WASHINGTON — A new federal plan aims to reverse America’s declining honeybee and monarch butterfly populations by making millions of acres of federal land more bee-friendly, spending millions of dollars more on research and considering the use of fewer pesticides.

While putting different type of landscapes along highways, federal housing projects and elsewhere may not sound like much in terms of action, several bee scientists told The Associated Press that this a huge move. They say it may help pollinators that are starving because so much of the American landscape has been converted to lawns and corn that don’t provide foraging areas for bees.

“This is the first time I’ve seen addressed the issue that there’s nothing for pollinators to eat,” said University of Illinois entomologist May Berenbaum, who buttonholed President Barack Obama about bees when she received her National Medal of Science award last November. “I think it’s brilliant.”

Environmental activists who wanted a ban on a much-criticized class of pesticide said the Obama administration’s bee strategy falls way short of what’s needed to save the hives.

Scientists say bees — crucial to pollinate many crops — have been hurt by a combination of declining nutrition, mites, disease, and pesticides. The federal plan is an “all hands on deck” strategy that calls on everyone from federal bureaucrats to citizens to do what they can to save bees, which provide more than $15 billion in value to the U.S. economy, according to White House science adviser John Holdren.

“Pollinators are struggling,” Holdren said in a blog post, citing a new federal survey that found beekeepers lost more than 40 percent of their colonies last year, although they later recovered by dividing surviving hives. He also said the number of monarch butterflies that spend the winter in Mexico’s forests is down by 90 percent or more over the past two decades, so the U.S. government is working with Mexico to expand monarch habitat in the southern part of that country.

The plan calls for restoring 7 million acres (2.8 million hectares) of bee habitat in the next five years. Numerous federal agencies will have to find ways to grow plants on federal lands that are more varied and better for bees to eat because scientists have worried that large land tracts that grow only one crop have hurt bee nutrition.

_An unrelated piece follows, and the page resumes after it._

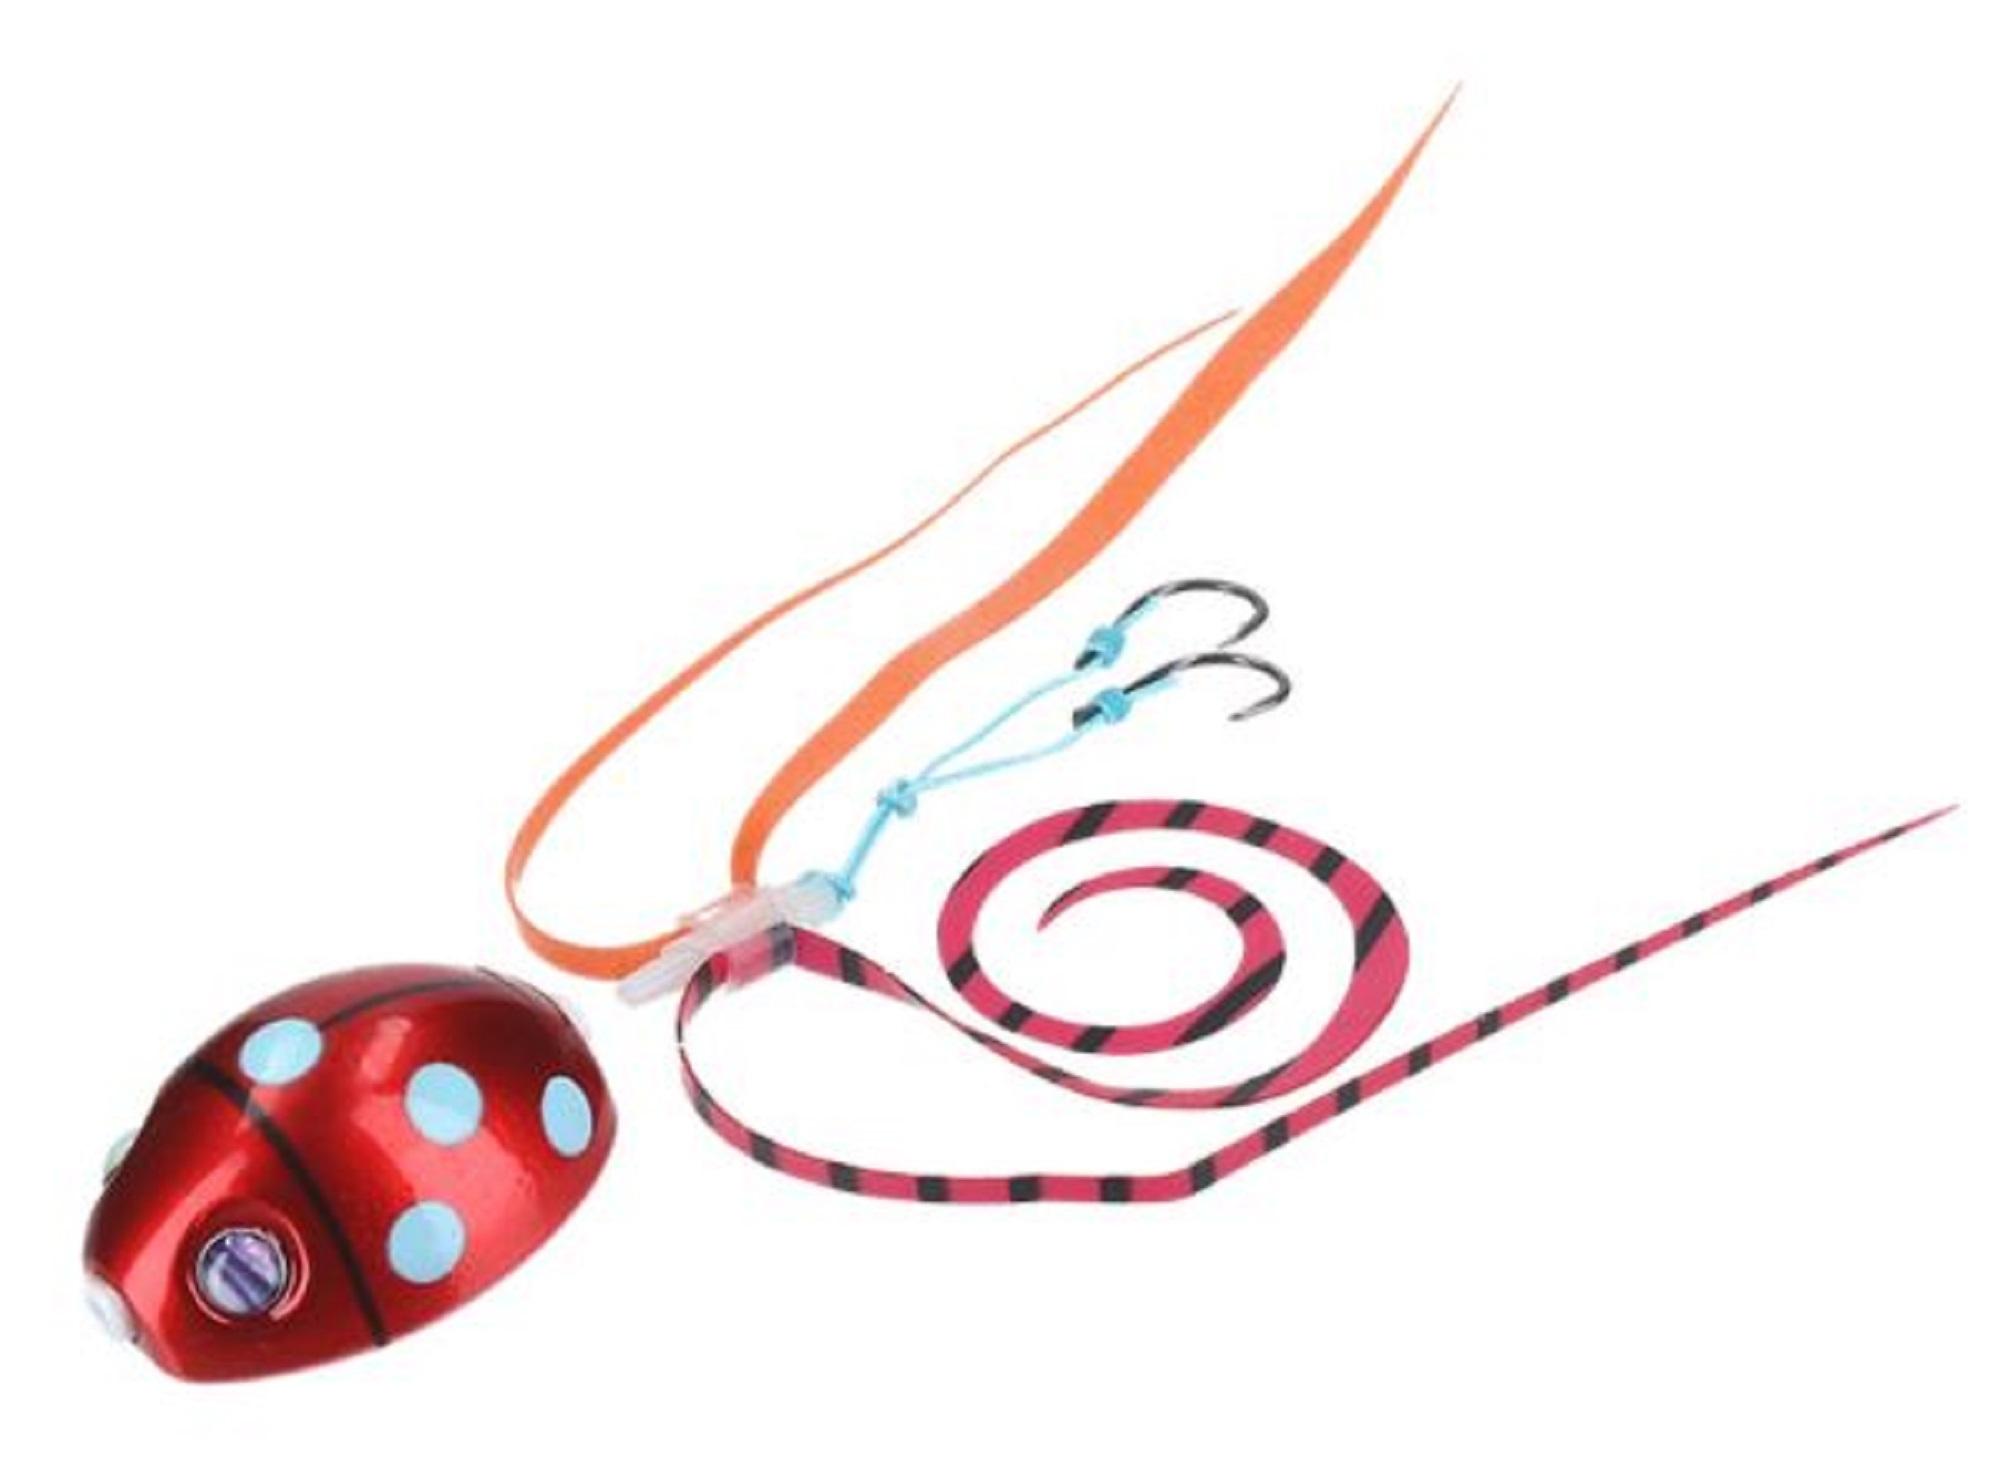 Daiwa Sliding Madai BRFA Nakai LB 80 grams Dot Red (7696)

The administration proposes spending $82.5 million on honeybee research in the upcoming budget year, up $34 million from now.

The Environmental Protection Agency will step up studies into the safety of widely used neonicotinoid pesticides, which have been temporarily banned in Europe. It will not approve new types of uses of the pesticides until more study is done, if then, the report said.

“They are not taking bold enough action; there’s a recognition that there is a crisis,” said Lori Ann Burd, environmental health director for the advocacy group Center for Biological Diversity. She said the bees cannot wait, comparing more studies on neonicotinoids to going to a second and third mechanic when you’ve been told the brakes are shot.

“Four million Americans have called on the Obama administration to listen to the clear science demanding that immediate action be taken to suspend systemic bee-killing pesticides, including seed treatments,” Friends of the Earth food program director Lisa Archer said in statement. “Failure to address this growing crisis with a unified and meaningful federal plan will put these essential pollinators and our food supply in jeopardy.”

But CropLife America, which represents the makers of pesticides, praised the report for its “multi-pronged coordinated approach.”

The report talks of a fine line between the need for pesticides to help agriculture and the harm they can do to bees and other pollinators.

Lessening “the effects of pesticides on bees is a priority for the federal government, as both bee pollination and insect control are essential to the success of agriculture,” the report said.